3 Results and discussion

3.1 Structural and magnetic properties

The parameters of the TlCo₂Se₂ structure calculated at the ground state together with the results of the neutron diffraction measurements of powder¹⁴ and single-crystalline samples¹⁵ are summarized in Table 1. The optimized lattice constants (a, c) and the z_Se coordinate of the selenium atom closely correspond to those determined in the most recent experiments on TlCo₂Se₂ (ref. 14 and 15) and TlCo₂Se_2−xS_x (ref. 17) with x = 0 as well as to those determined in earlier experiments on Tl_1−xK_xCo₂Se₂ (ref. 6) and TlCo_2−xNi_xSe₂ (ref. 9) at x = 0. The largest deviation between the results of our DFT calculations and the experimental data (∼2.5%) was observed for the c lattice constant.
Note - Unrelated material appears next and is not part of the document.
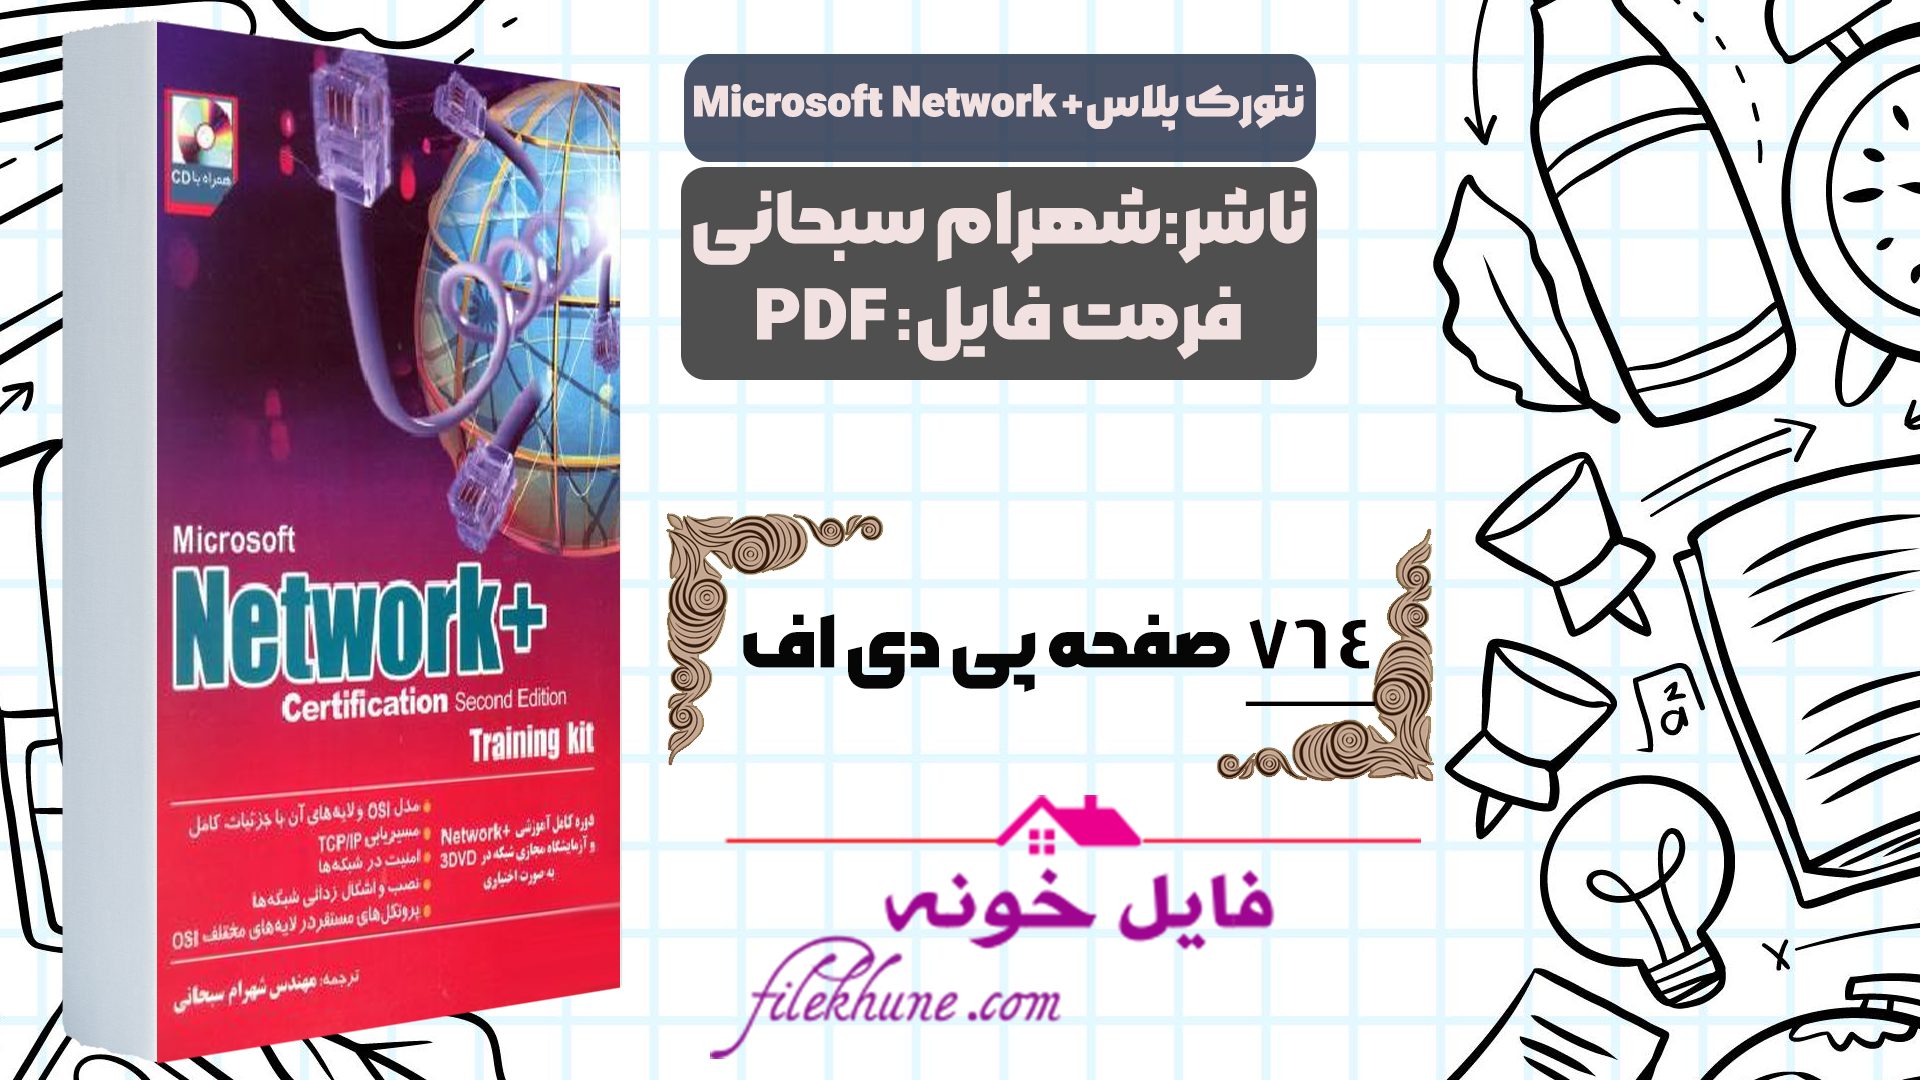 دانلود کتاب نتورک پلاس +Microsoft Network ترجمه شهرام سبحانی PDF - فایل خونه
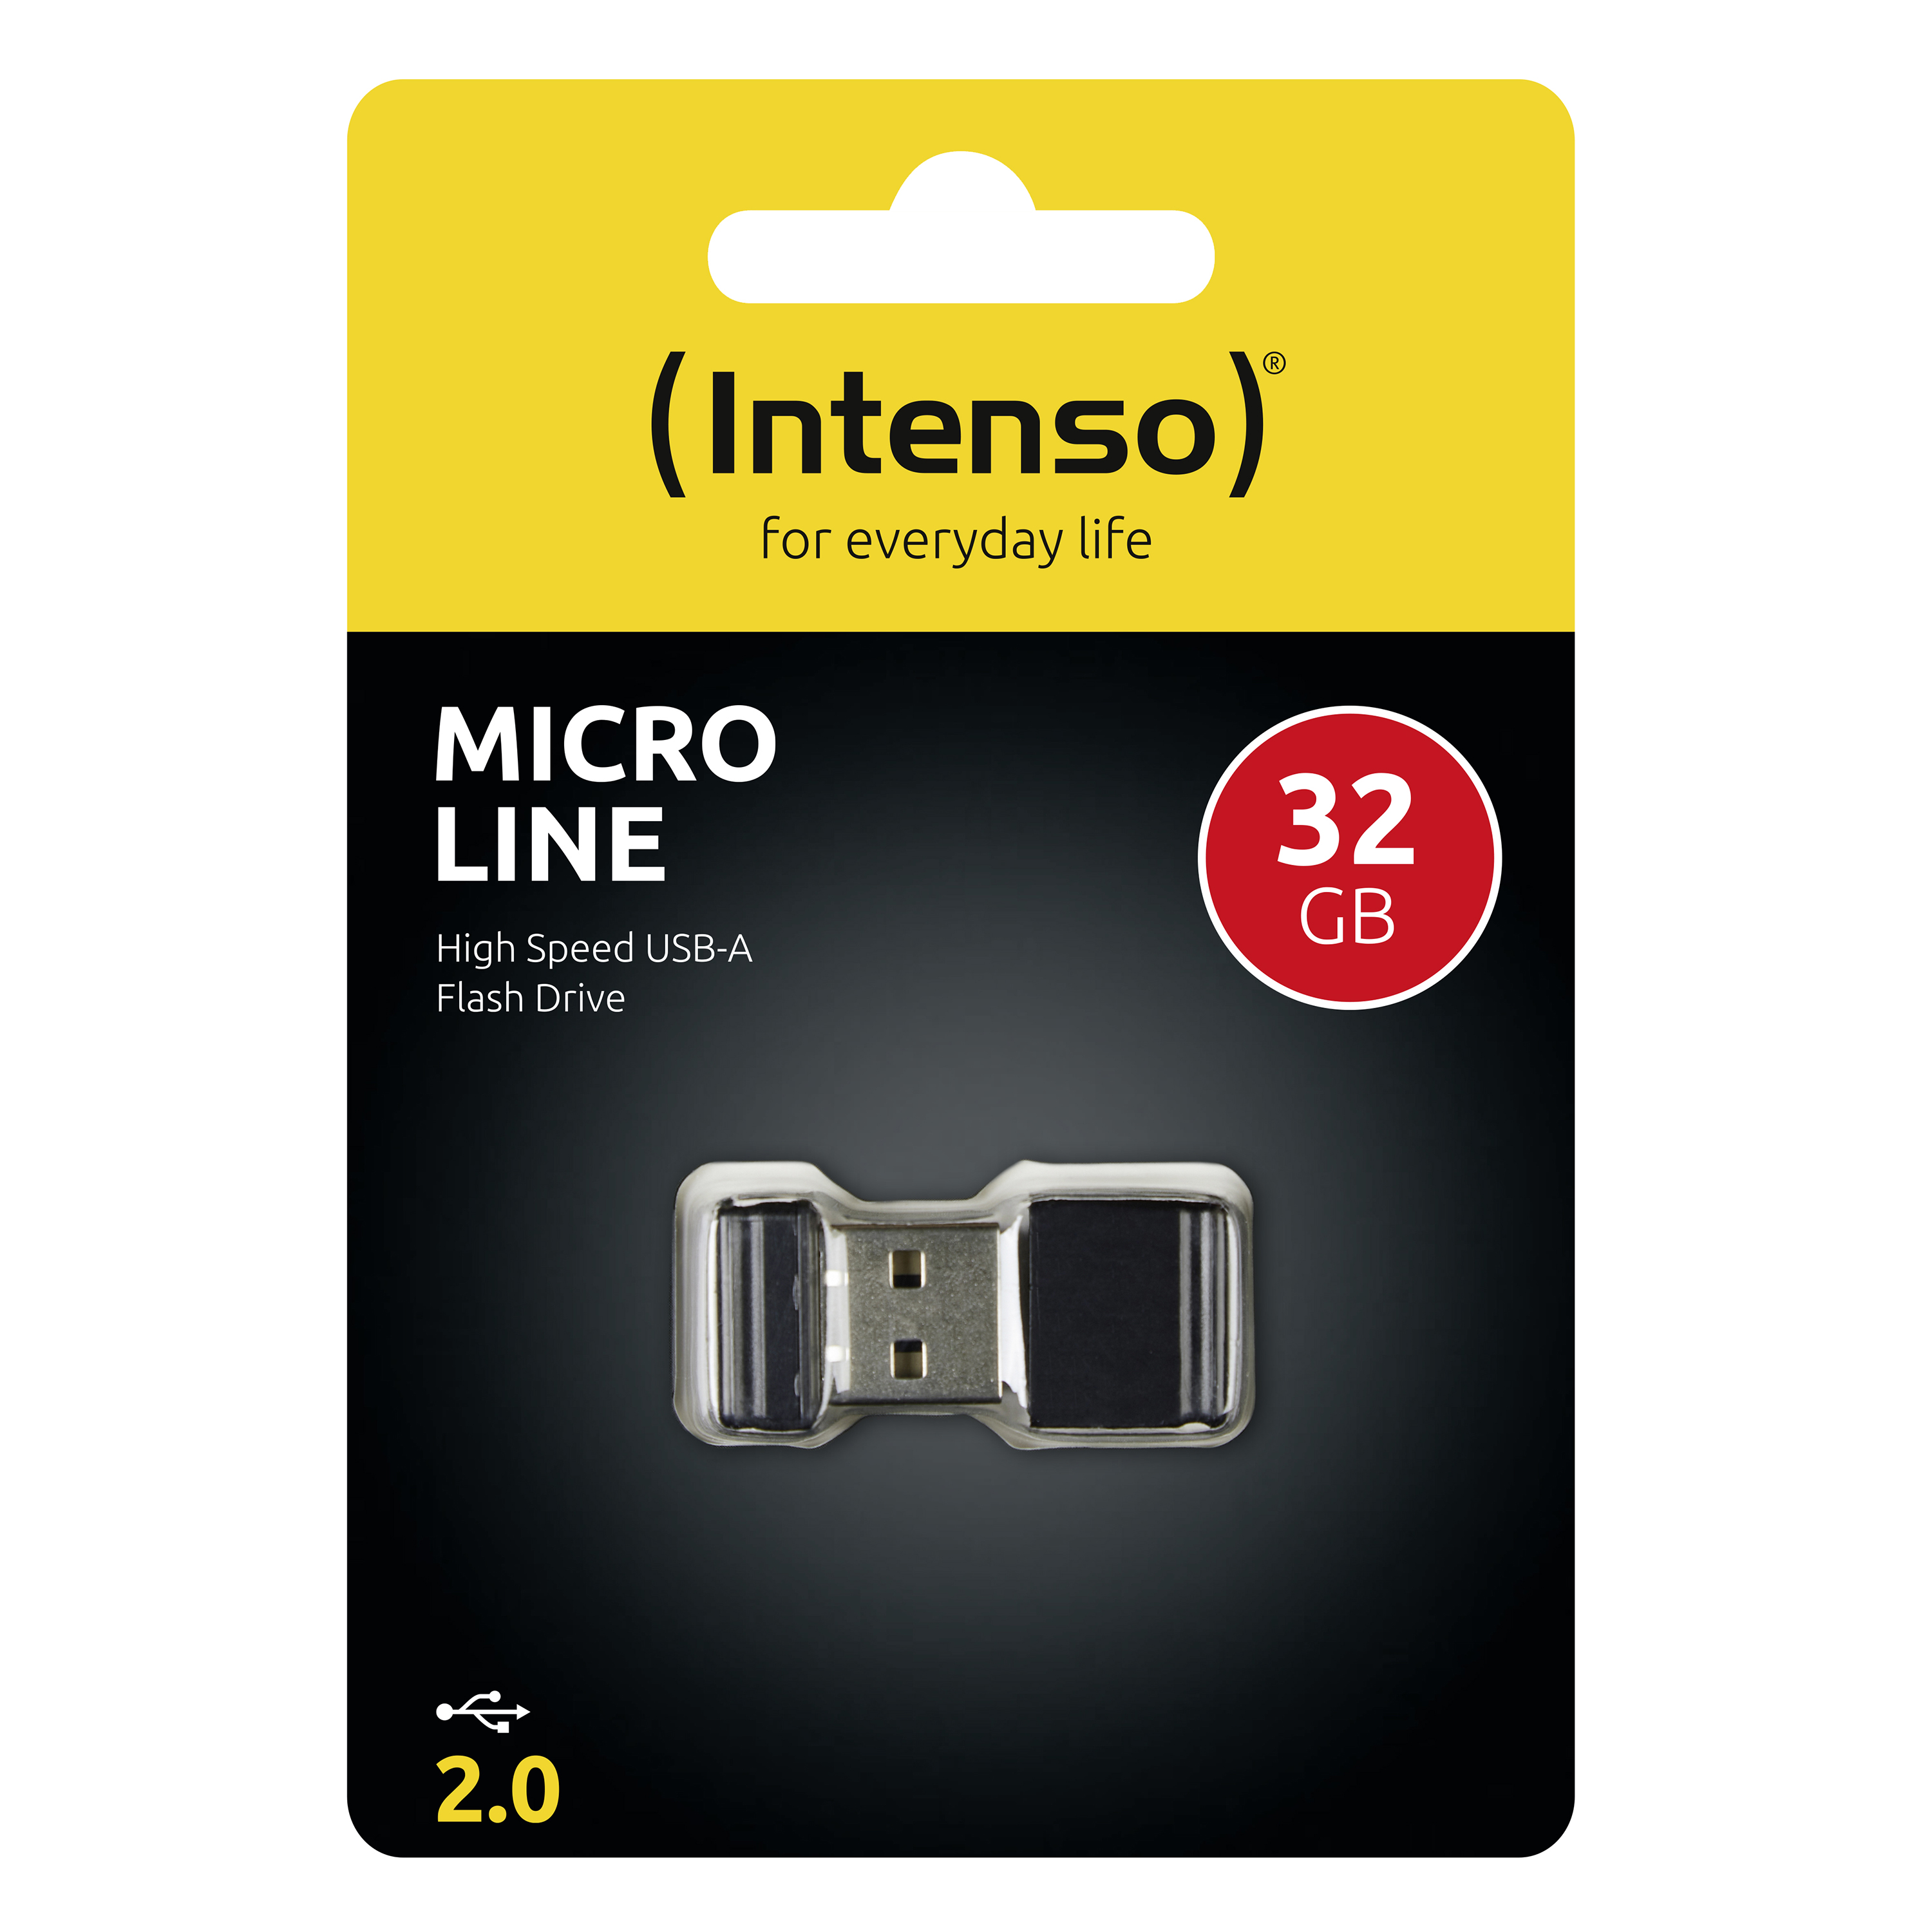 Intenso USB Stick Micro Line mini USB Flash Drive 32GB

This affects the interlayer distance d^inter_Co–Co which is overestimated in comparison with the results of measurements by the same amount. On the other hand, the difference between the calculated and experimental lattice constant a, which is below 1%, has a negligible effect on the intralayer Co–Co distance d^intra_Co–Co. The remaining interatomic distances i.e. d_Co–Se, d_Se–Se, d_Tl–Co, and d_Tl–Se, which also depend on z_Se, correlate with the experimental results within ∼1%.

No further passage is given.